From The Encyclopedia Of Surfing
Elegant regularfoot surfer and surfboard-maker from Santa Monica, California; often cited as California's best wave-rider in the late 1940s and early '50s; creator of the slouched, knees-together, neatly synchronized "Malibu" surfing style. "He invented what I call performance cruising," next generation Malibu ace Kemp Aaberg said. "He was gentlemanly, and rode that way, without a lot of yahoo around it." Kivlin was born (1929) in San Antonio, Texas, and raised in Santa Monica.
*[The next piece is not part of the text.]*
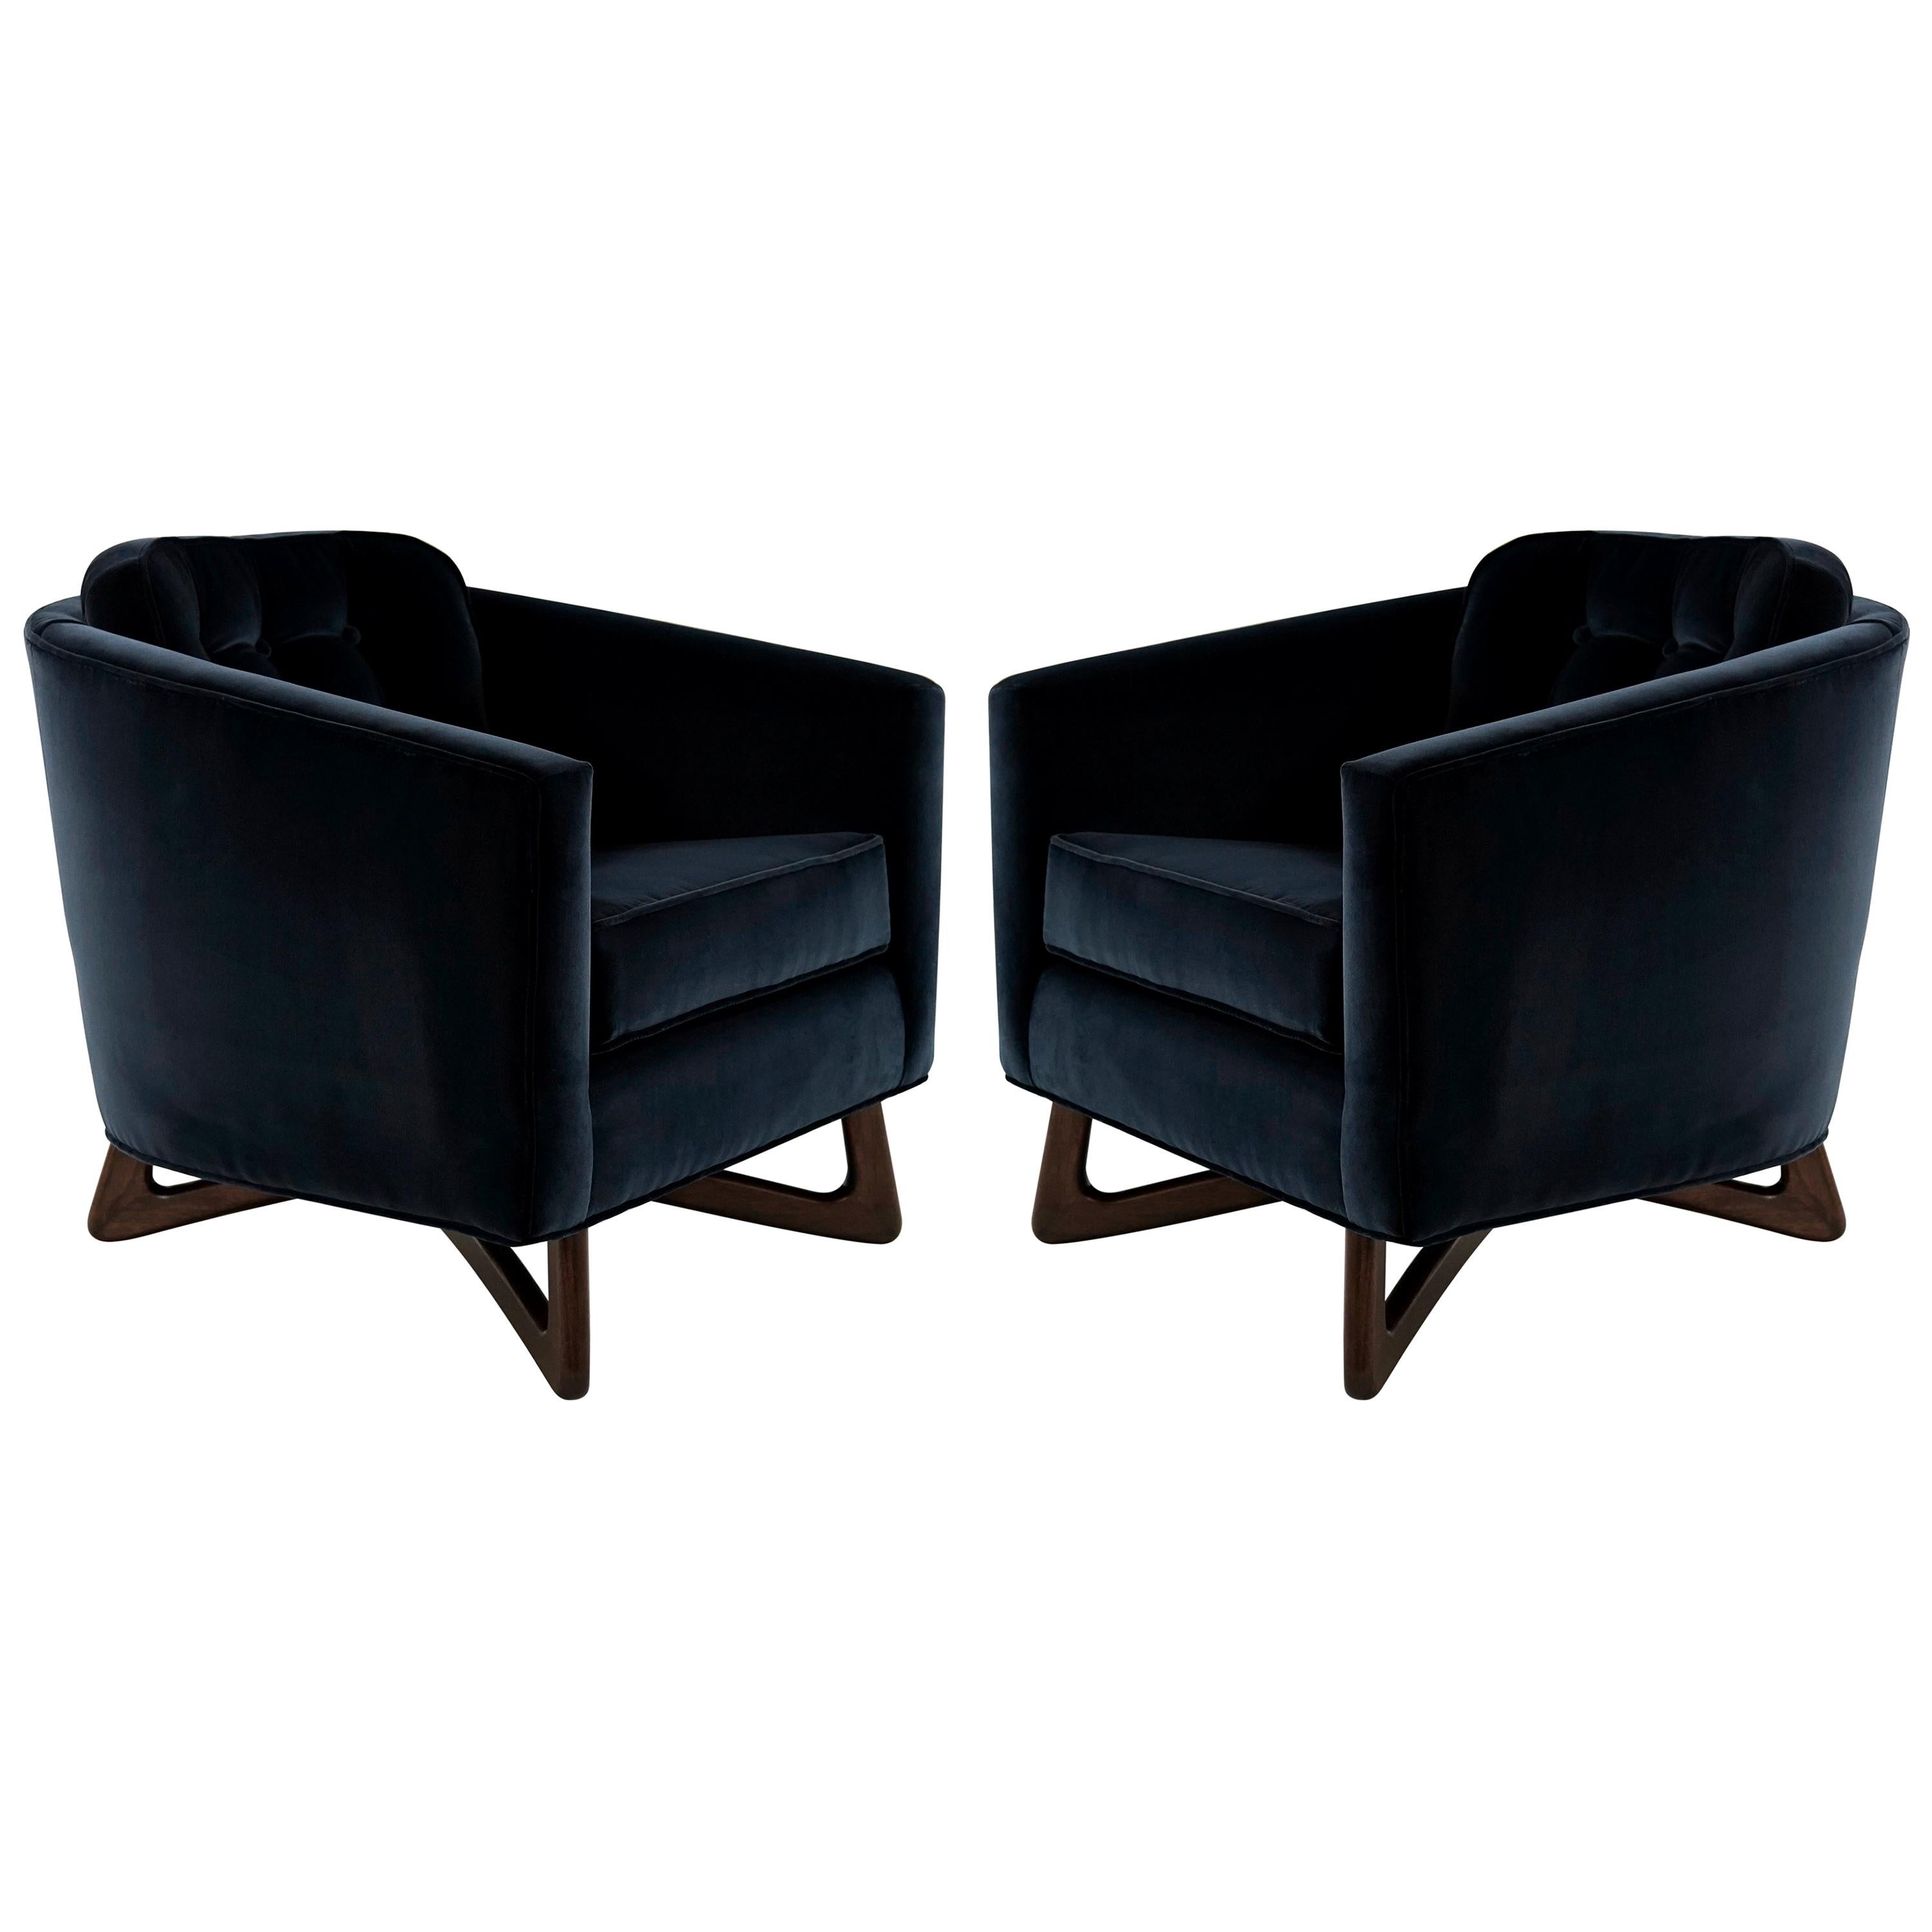 Adrian Pearsall Lounge Chairs in Navy Blue Velvet, circa 1950s

He began surfing in 1943, when lifeguard and four-time Pacific Coast Surf Riding Championships winner Pete Peterson took the 14-year-old with him on a day trip to Palos Verdes Cove. Two years later, Kivlin and future big-wave rider Buzzy Trent began hitching rides to Malibu; they would sometimes get a lift with the Kohner family, whose diminutive youngest daughter Kathy would later show up at Malibu, where she was nicknamed "Gidget."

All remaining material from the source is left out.